Sir I‘m a Scouser transplanted    
You‘re all wooly back‘s to me    

Here in Vancouver right now it‘s snowing and cold.  

As for your digital photo‘s we have a link for former battle site‘s in the photo section you can down load them to if you wish.
It‘s a new topic that Mike started and we are hoping for more photo‘s of Former Battle Site‘s.

If you have any trouble down loading them just contact Mike Bobbit and he will be more than willing to help you posting them.

Again welcom and a Happy New Year as you have less than 2hrs. to go for 04.

It‘s 14:05 here right now.


----------



## Ian McF (1 Jan 2004)

I did notice the photo section, and had a quick look at putting some images in to it. The ones I have stored are all circa 1.5Mb, so need reducing in size before posting.
Looks like a job for later on.
I‘ve got quite a lot from various areas so if there are others of interest let me know.
Happy New Year to all


----------



## Spr.Earl (1 Jan 2004)

> Originally posted by Ian McF:
> [qb] I did notice the photo section, and had a quick look at putting some images in to it. The ones I have stored are all circa 1.5Mb, so need reducing in size before posting.
> Looks like a job for later on.
> I‘ve got quite a lot from various areas so if there are others of interest let me know.
> Happy New Year to all [/qb]


Not being well versed in the new age,I imagine you can reduce the size.

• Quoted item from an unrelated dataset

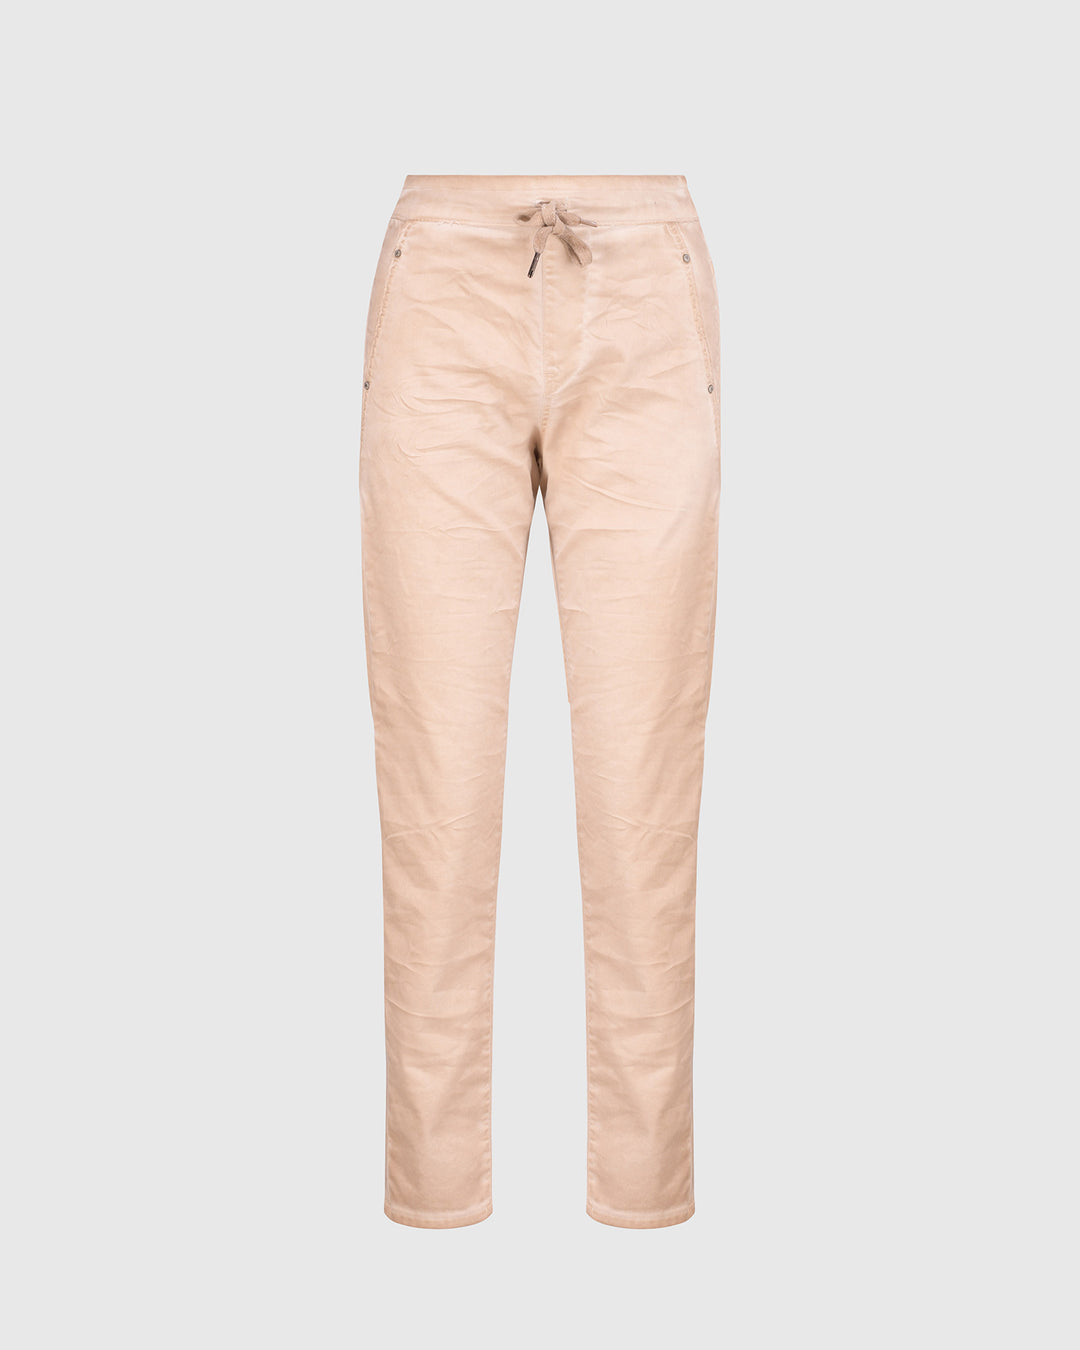 Distressed Iconic Stretch Jeans, Sand Wash

If there is a subject that‘s needed contact Mike and he will make it for your photo‘s.

As you have seen we are trying to make a over all site for all Arm‘s even other Nation‘s as quite a few here have not been over seas or are thinking about joining one of our discipline‘s and every little bit help‘s even guiding them what to is expected of them etc.

What would be nice is some of your thought‘s what is expected of Pvt.‘s Rifleman, LCpl.‘s,Cpl.‘s in the Infantry in the U.K. when the need arise‘s.

Every thing help‘s Ian if I may call you Ian.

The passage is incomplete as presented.